→ Prompt
Begin with the line that holds "王族イノセンス居間Emitage(エミテイジ) 肌への思いやり ローション&クリーム" and retype through the last line of the listing below, exactly; pictures are not part of the copy.

→ Dataset section
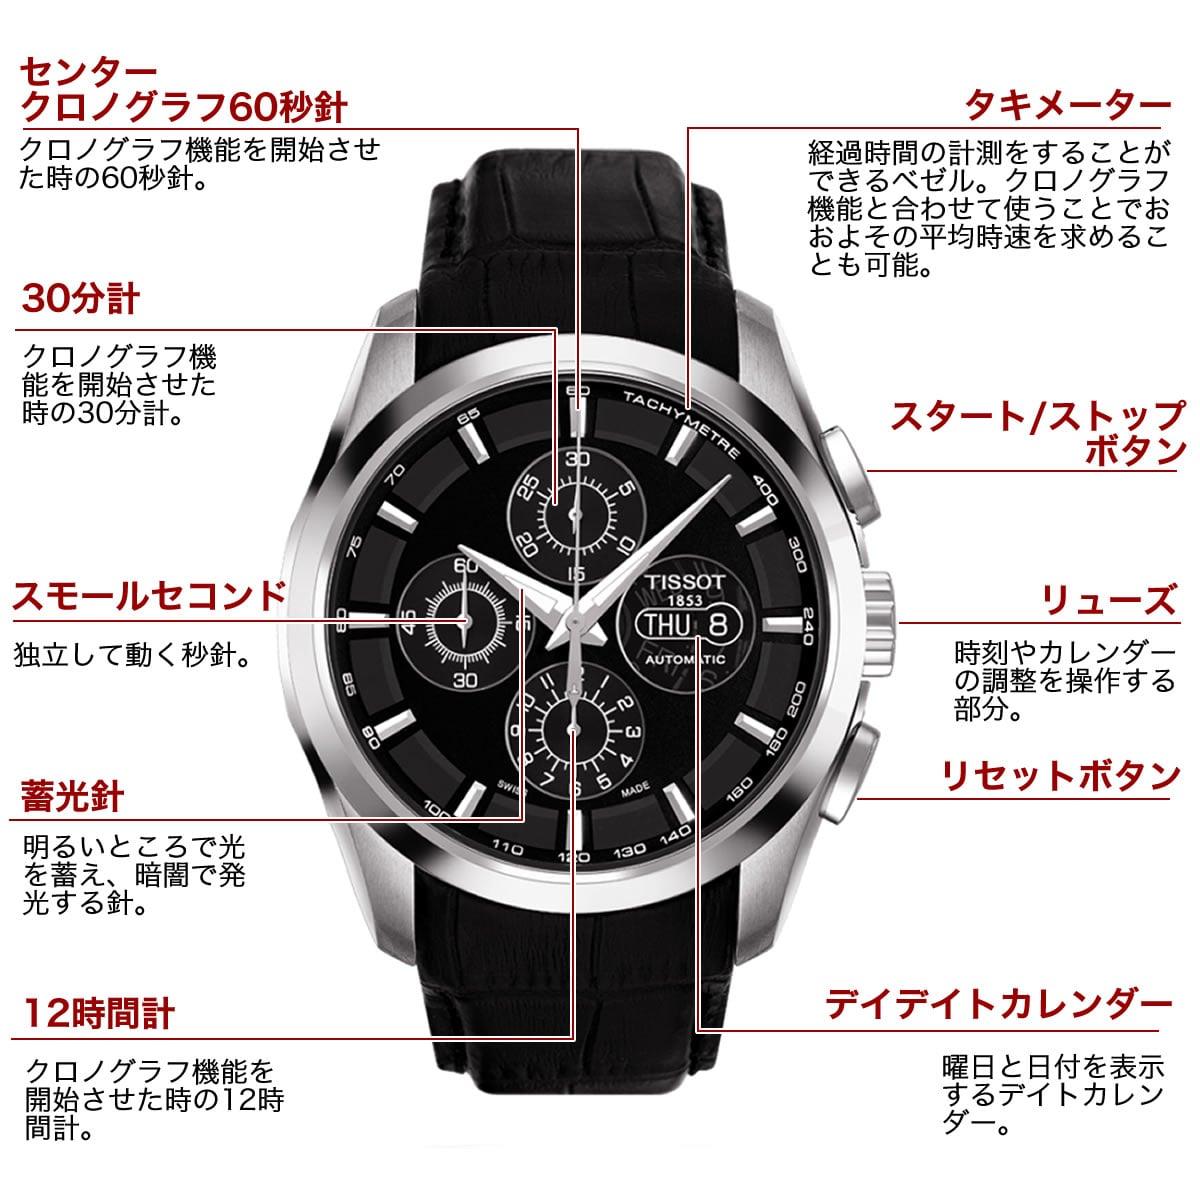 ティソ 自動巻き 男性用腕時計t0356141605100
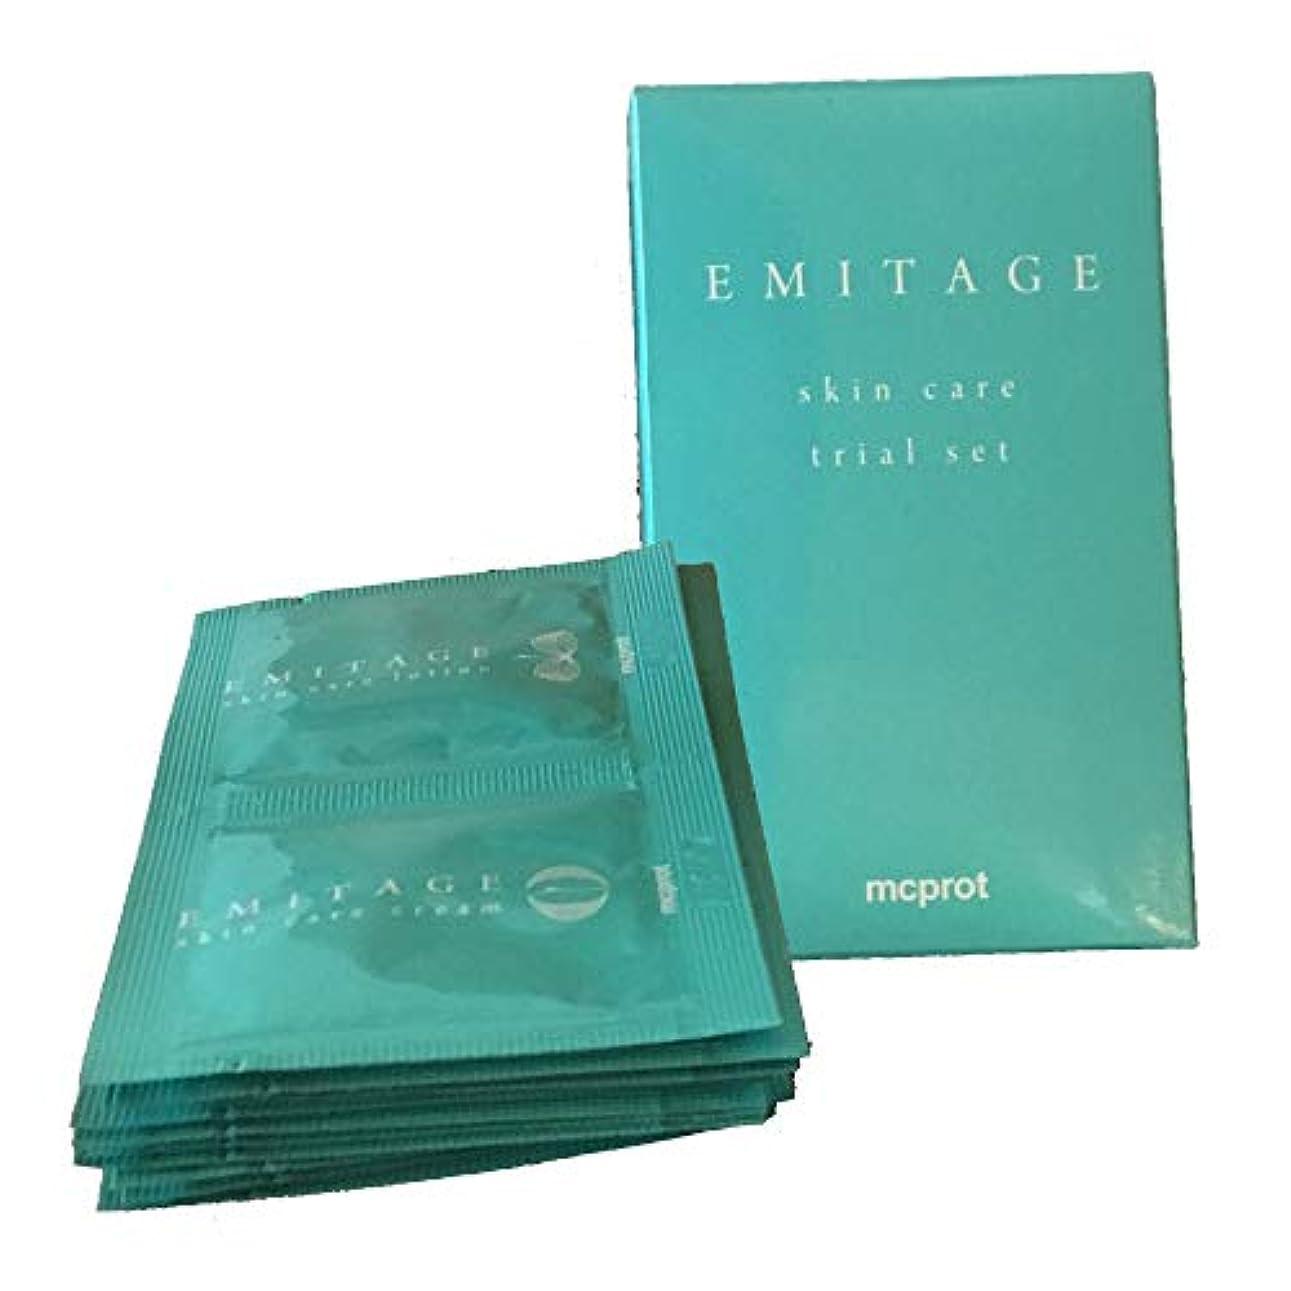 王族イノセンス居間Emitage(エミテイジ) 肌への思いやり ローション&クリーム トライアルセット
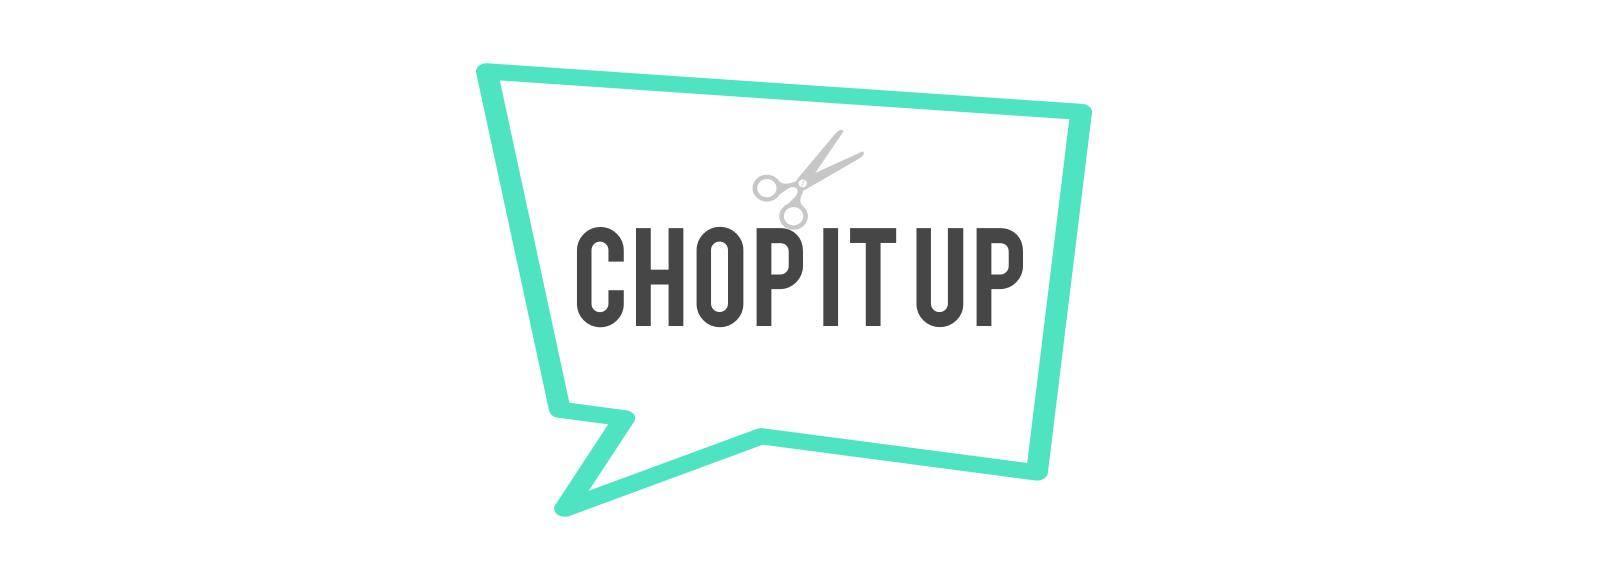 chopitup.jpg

→ Response below
 王族イノセンス居間Emitage(エミテイジ) 肌への思いやり ローション&クリーム トライアルセット
 chopitup.jpg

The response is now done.